In countless films about emergencies, crimes and police work, the 911 dispatcher is but a bit player, an anonymous, robotic voice briefly heard on the other end of a breathless call made by our movie's main players.
But in "The Call," the 911 operator gets a starring role. It would seem to be long overdue, since Halle Berry is apparently among their ranks.
She's a highly professional emergency operator in Los Angeles, where the trauma of a first kidnapping case has forced her to hang up the headset. But, having shifted to a trainer position, she's lured back for a second kidnapping call when a rookie dispatcher can't handle the frightened pleas from a teenager trapped in a car's trunk (Abigail Breslin).

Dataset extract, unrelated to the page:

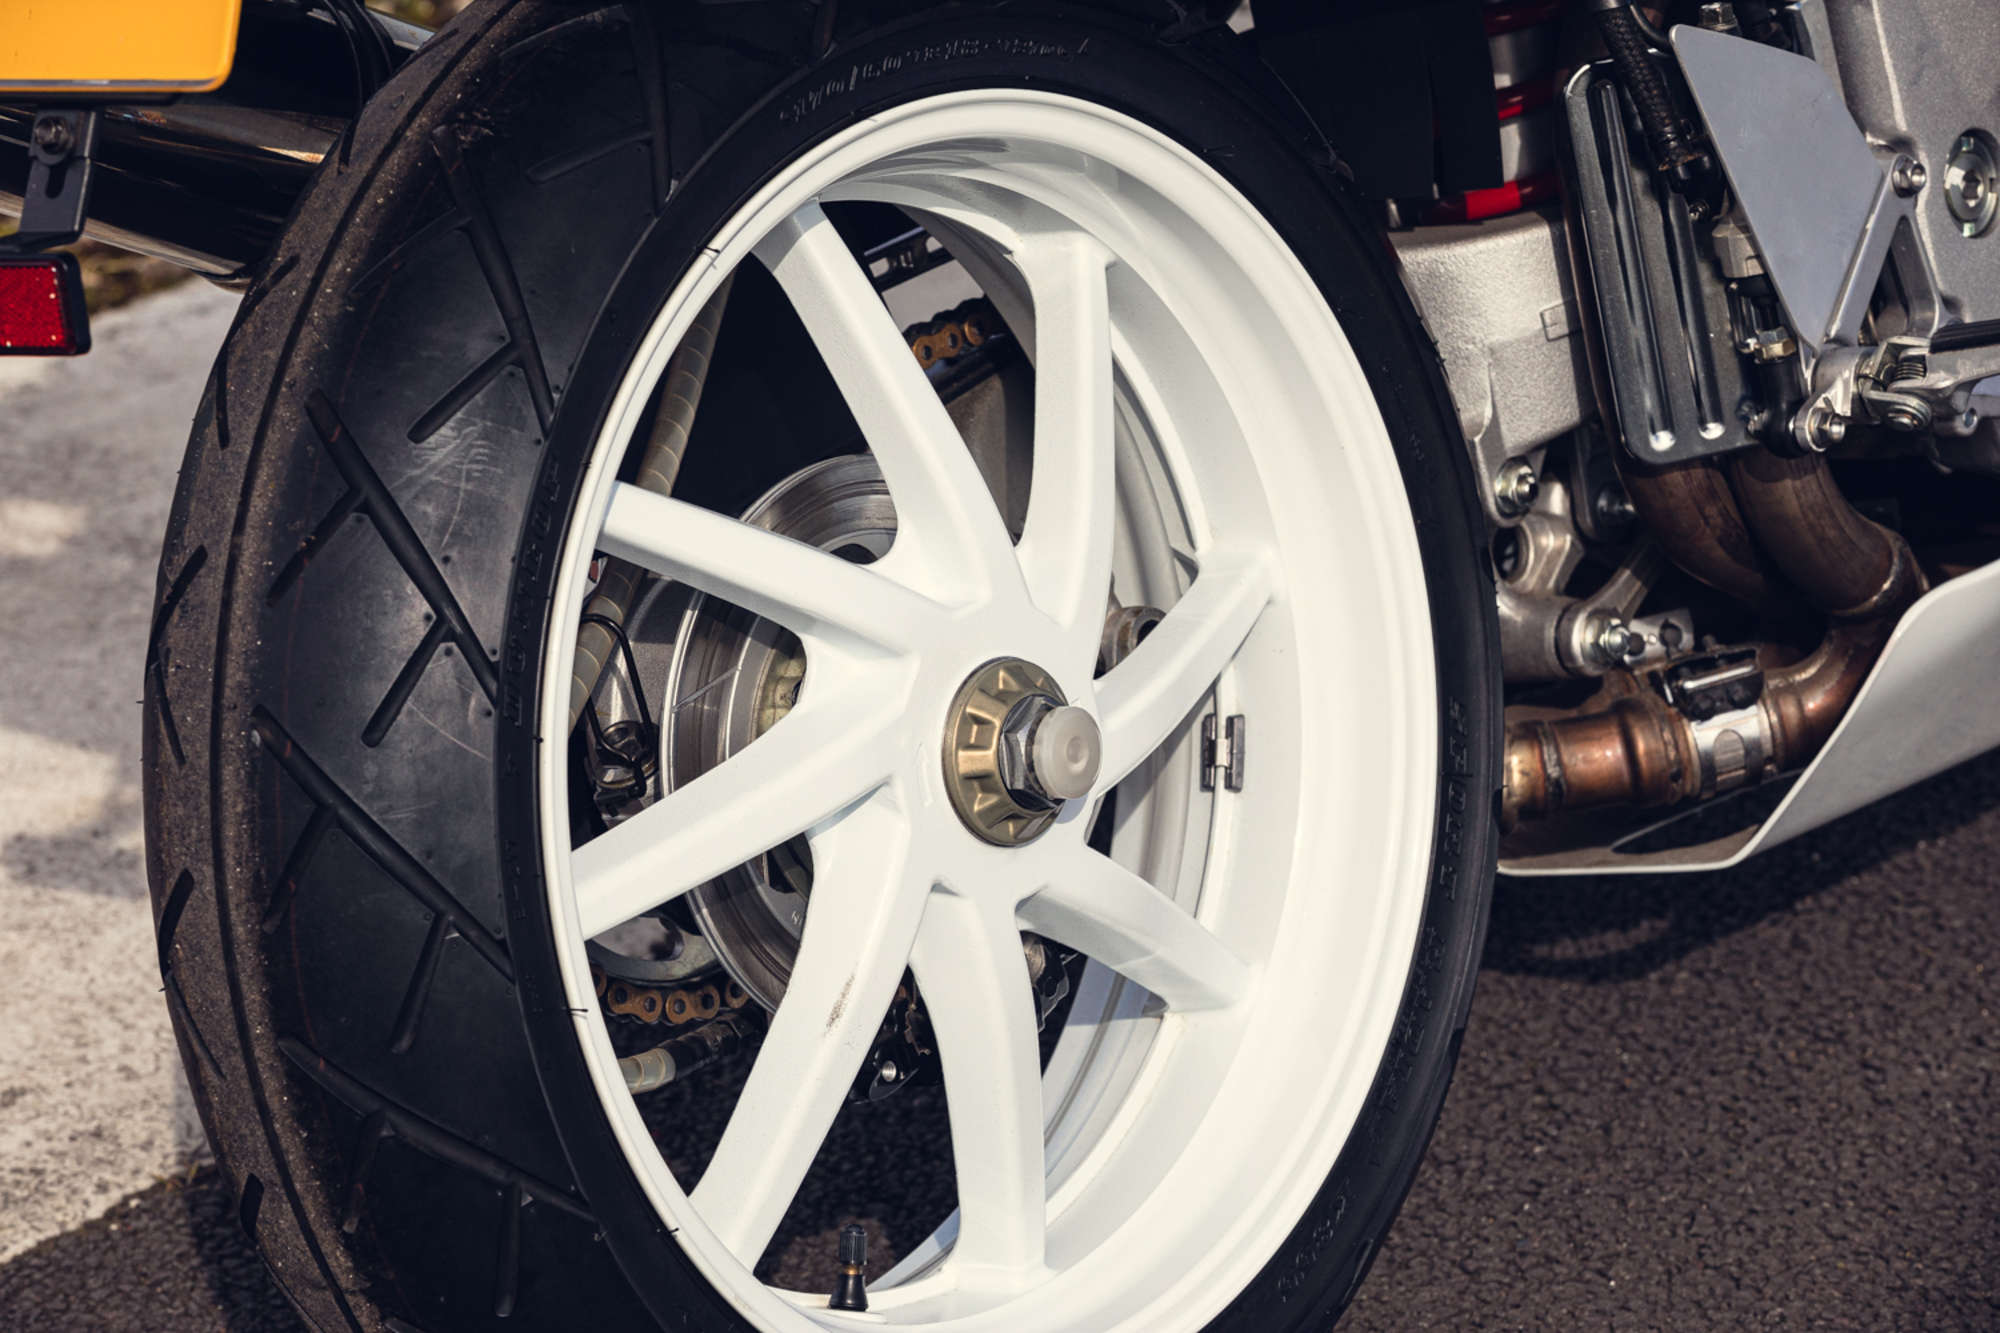 Honda RC30 wheel

"The Call" dials up a shallow thrill ride, but one efficiently peppered with your typical "don't go in there!" moments. But what once was usual for Hollywood – reliable, popcorn-eating genre frights – isn't so much anymore. "The Call" is a rudimentary, almost old-fashioned 90-minute escape that manages to achieve its low ambitions.
But while "The Call" manages to build some suspense from the trunk of the car – the clever attempts to elicit help, the dwindling cellphone battery – its deficiencies become less forgivable after the action turns off the road. Michael Eklund's psychopath kidnapper is cartoonishly drawn.
Berry keeps the film rolling even when it veers off course. Breslin, making a leap to more sordid territory, has little to do but be scared.